Oliver shook his head. If he needed more evidence of his great-uncle’s madness, here it was. “Those books are the most boring things in Windblowne,” he explained.
“Yes, boring, so true,” his great-uncle said. “In fact, they are so boring that you should rush off before it gets any more boring around here. Run home and hide under the bed is my advice, until everything blows over.”
“Until what blows over?” demanded Oliver.

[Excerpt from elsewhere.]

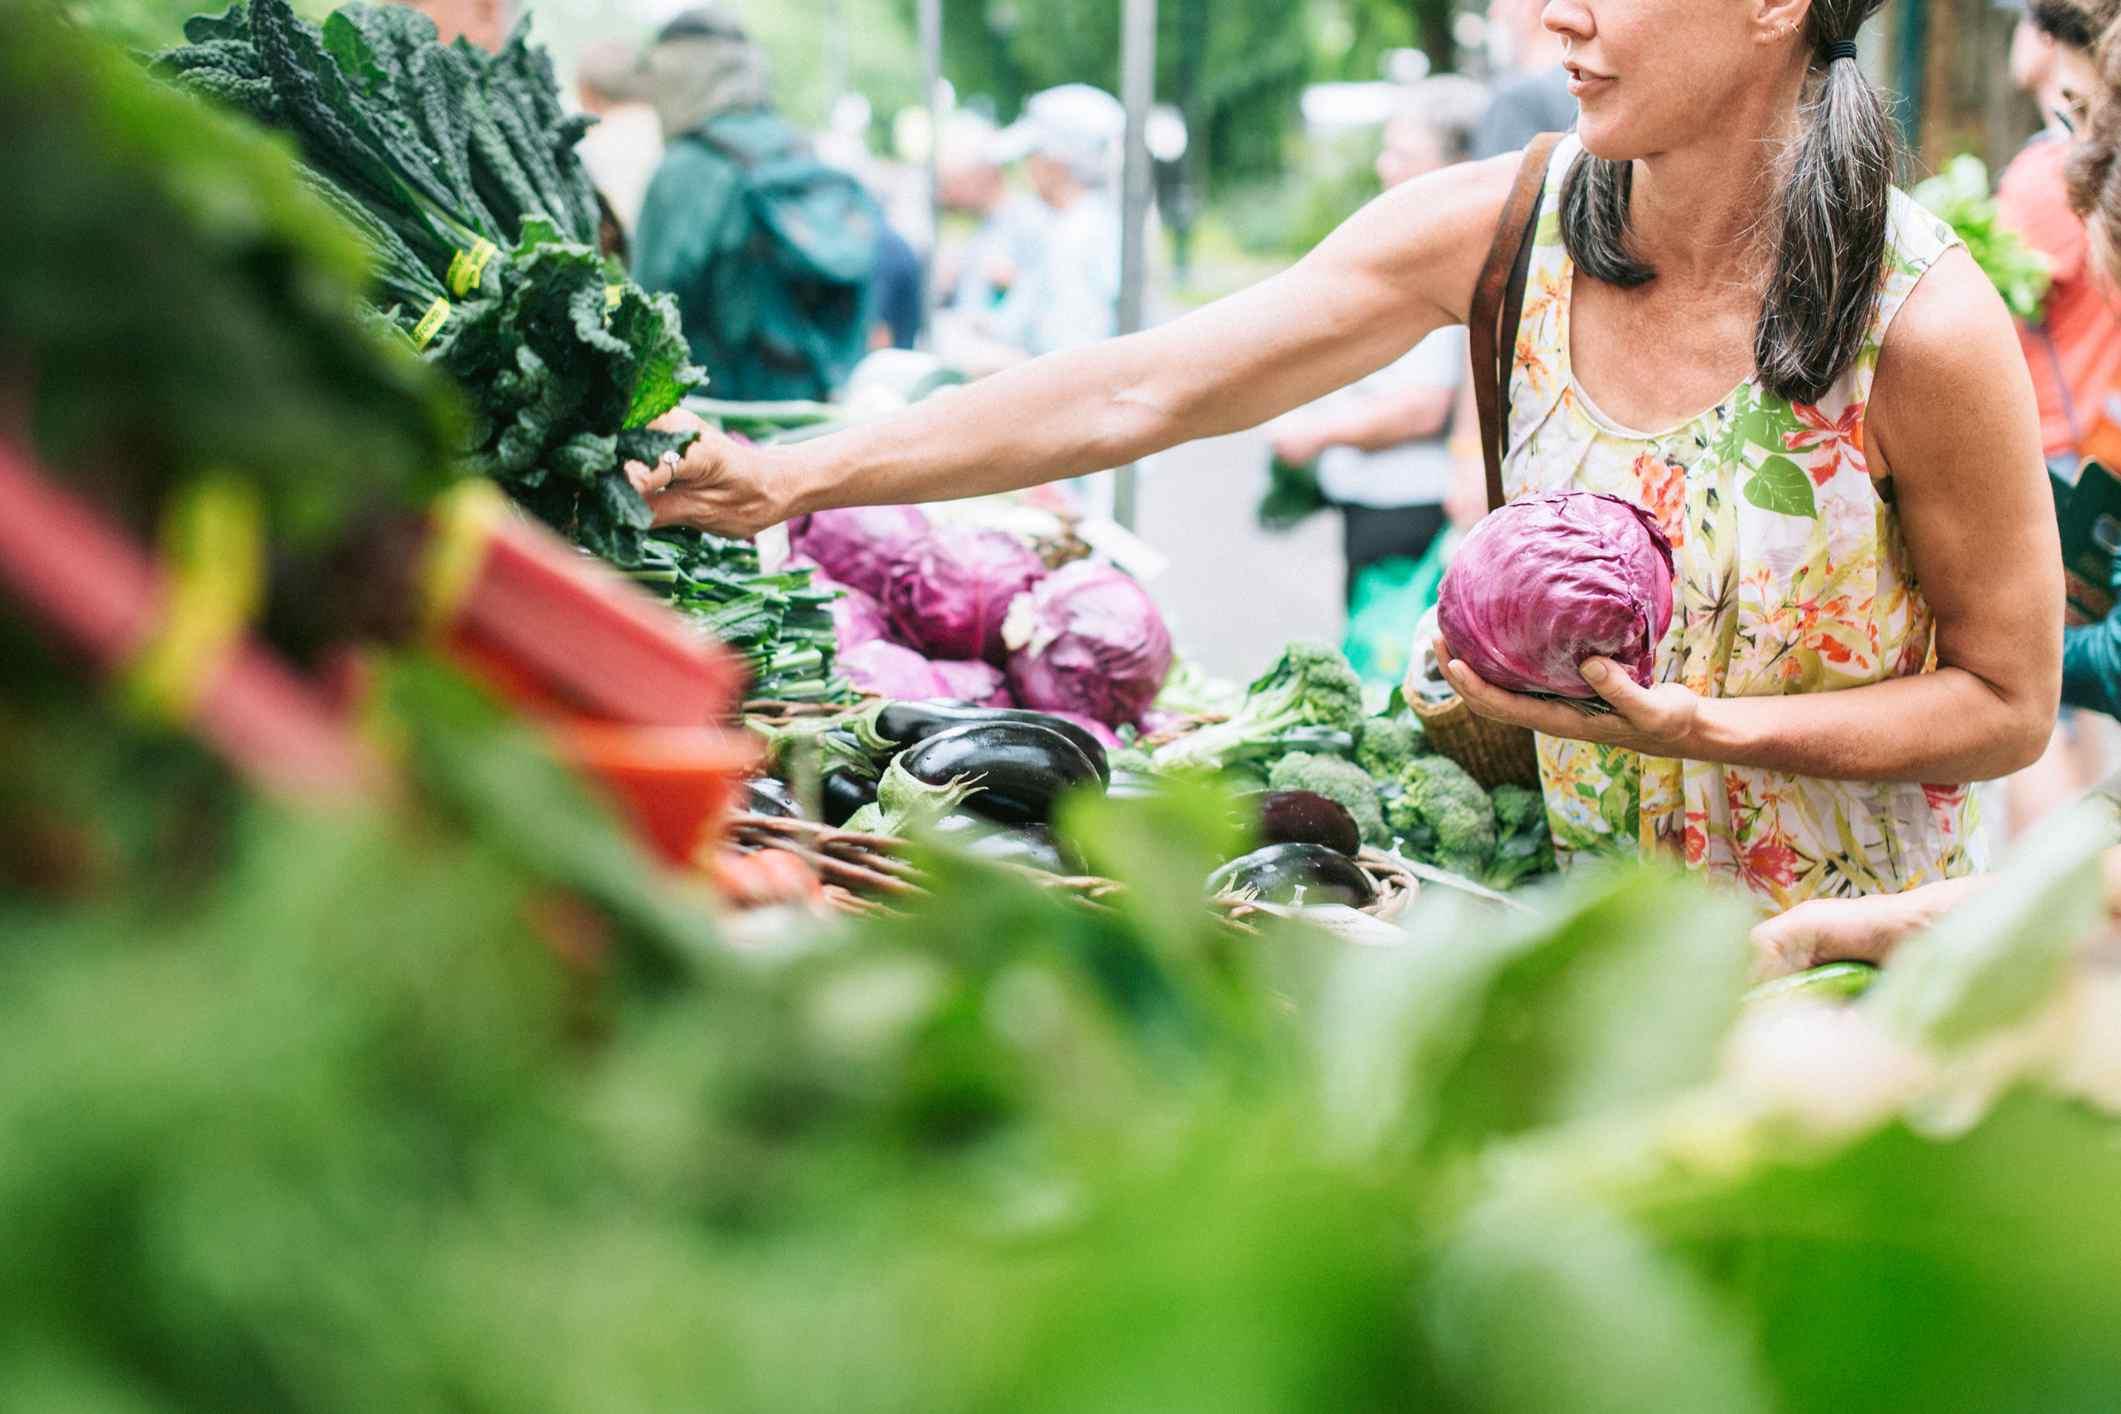 Farmers' market shopping

“I could tell you, my boy,” replied Great-uncle Gilbert, “but you’d never believe me. None of ’em would! This town is full of people with limited imaginations.”
Oliver shrugged. If Great-uncle Gilbert wanted to punish himself with tedious reading material, then Oliver couldn’t stop him. He gazed around the workshop. Losing his own kiting gear last night had seemed like a setback, but Oliver could see that his great-uncle had the finest collection of kitesmithing supplies in Windblowne. There were barrels full of bamboo stalks cut to various sizes. Bolts of tightly woven silk were rolled up along the benches. And the spectacular kites that hung from the high ceiling would supply models of perfection that Oliver could follow as he built his new kite right here. Oliver was becoming positively giddy. Certainly Great-uncle Gilbert would come around once he understood how important Oliver’s problems were.
“Great-uncle Gilbert,” he said again, “I need a kite.”
“No doubt!” Great-uncle Gilbert exclaimed. “You want to fly one of my kites in that farce of a Festival, don’t you?” He shook his fist in the general direction of the crest. “Well, I know the rules! Most of them were written just to thwart me!”
“And the rules say you have to make your own kite,” Oliver broke in. “I know.”
Great-uncle Gilbert’s snort expressed his contempt for anyone who would stoop to such a thing. “Well, the judges would know that any kites as amazing as mine could never have been made by you.”
Whether this was true or not—and Oliver had to admit that it was—he was still more than a little hurt. “No,” Oliver said desperately, his voice tight, “I have no intention of cheating. I only wanted you to teach me enough for me to make my own kite.”
Great-uncle Gilbert seemed taken by surprise. “Er, sorry there, my boy,” he said in gentle tones. “I didn’t mean you’d cheat. It’s just that I can tell a kitesmith. It’s all in the hands. I’ve examined yours, and you don’t have it in you.” He scratched his chin thoughtfully. “Your talents,” he said finally, “lie elsewhere.”
“That’s ridiculous,” said Oliver. “You can’t say that just from feeling someone’s hands!” He felt tears coming and shook them away angrily.